Thursday, August 27, 2009

Clarifying the Tornado: Part Two

(Part One)


March 1, 1997 and the week that followed was disorienting and full of heightened emotions.

The day of the tornado I went from lazily browsing sociological themes in the morning, to testing the limits of my endurance as I raced around downed trees to make my way back to my university campus. Stopping at the nearest dorm, I used the lobby phone to call home to my parents. A male dormitory, I was lucky that some of my guy friends had returned to change clothes and gather extra pairs of gloves, and came over to put their arm around me as I waited to find out if my family was ok. It took several attempts to get through, but when I did my mother sounded just as panicked as I felt.

In my rush to get downtown, I had not considered that the news would have quickly reported the damage in Arkadelphia, and my poor parents had been left unable to get in touch with me or find out about my condition. My family was ok, and my stepfather had already left to assist in a neighborhood just behind ours which had suffered damage similar to what we had experienced. My mother encouraged me to be safe as I hung up the phone and climbed in the back of a truck with the guys to go and help with additional clean up efforts.

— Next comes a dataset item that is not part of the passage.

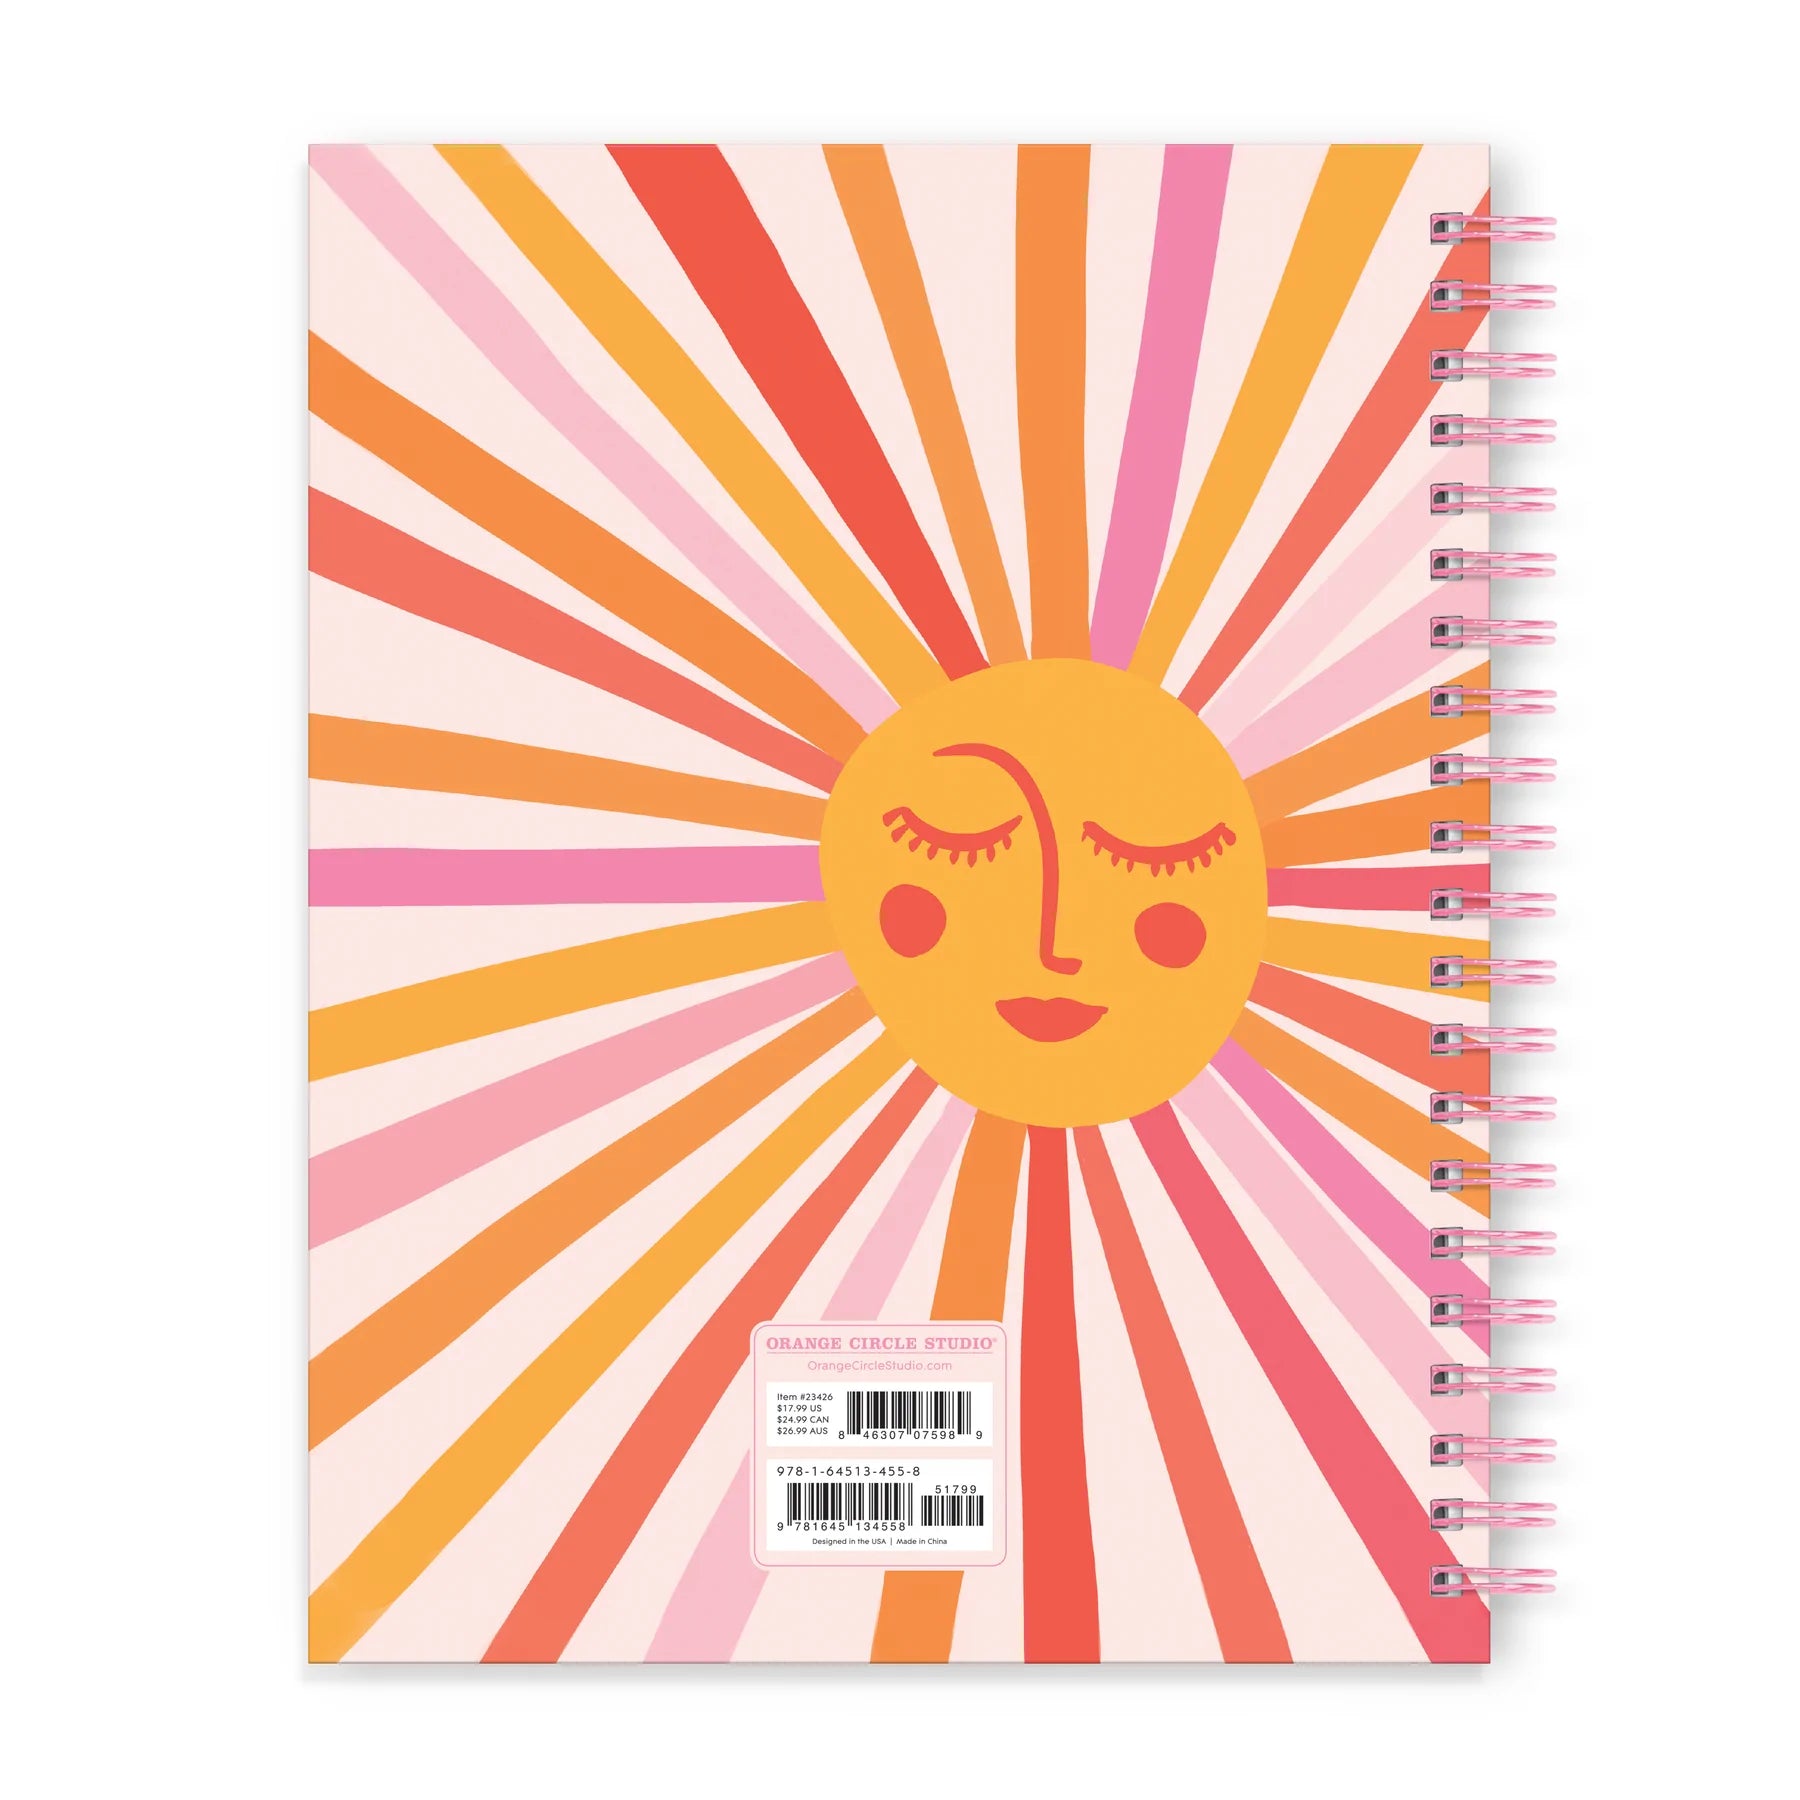 2023 Retro Sunshine by CatCoq (XL Spiral Weekly/Monthly Planner) - Diary/Planner

Sixteen tornadoes struck Arkansas that day with twenty-five fatalities, six of which were in Arkadelphia.

In addition to homes, business and historical buildings in the downtown area, the tornado caused destruction to the church I was attending at the time, Second Baptist, and a mobile-home park nearby. Our university, and the one across the street, provided significant manpower for the recovery effort. I spent the week at the armory, which had become a makeshift Red Cross headquarters, assisting families with their intake paperwork. I also braved my fear of needles to voluntarily get a tetanus shot (required for anyone who wanted to assist with cleanup) and give blood for the first time.

The stories that emerged that week were awe-inspiring: the fact that the tornado had completely bypassed both college campuses; tales of jewelry and trinkets sitting unmoved on tables in homes where roofs had been torn off and furniture overturned; near misses and inexplicable encounters. One of my favorite stories was from a friend’s family, who were huddled in a closet as their father prayed over them during the storm. After the tornado passed, and with their roof gone, the mother went next door to check on an elderly neighbor. When she looked back across at her home, and saw her daughters’ wicker doll basket sitting up high. Upon returning to her home, she noticed that the basket was stacked on a shelf above the closet in which they had sought refuge.

That tornado was not the first traumatizing event I encountered in my life, and it was certainly not the last. Our experience of pain runs the scale from mundane disappointments to unexplainable tragedies. Like most of my generation, I was deeply impacted from what I experienced on September 11, 2001 and by how my world has changed since. Most recently, I have had to deal with the questions and emotions that arose after a cousin was tragically killed by lightning while trying to protect his family.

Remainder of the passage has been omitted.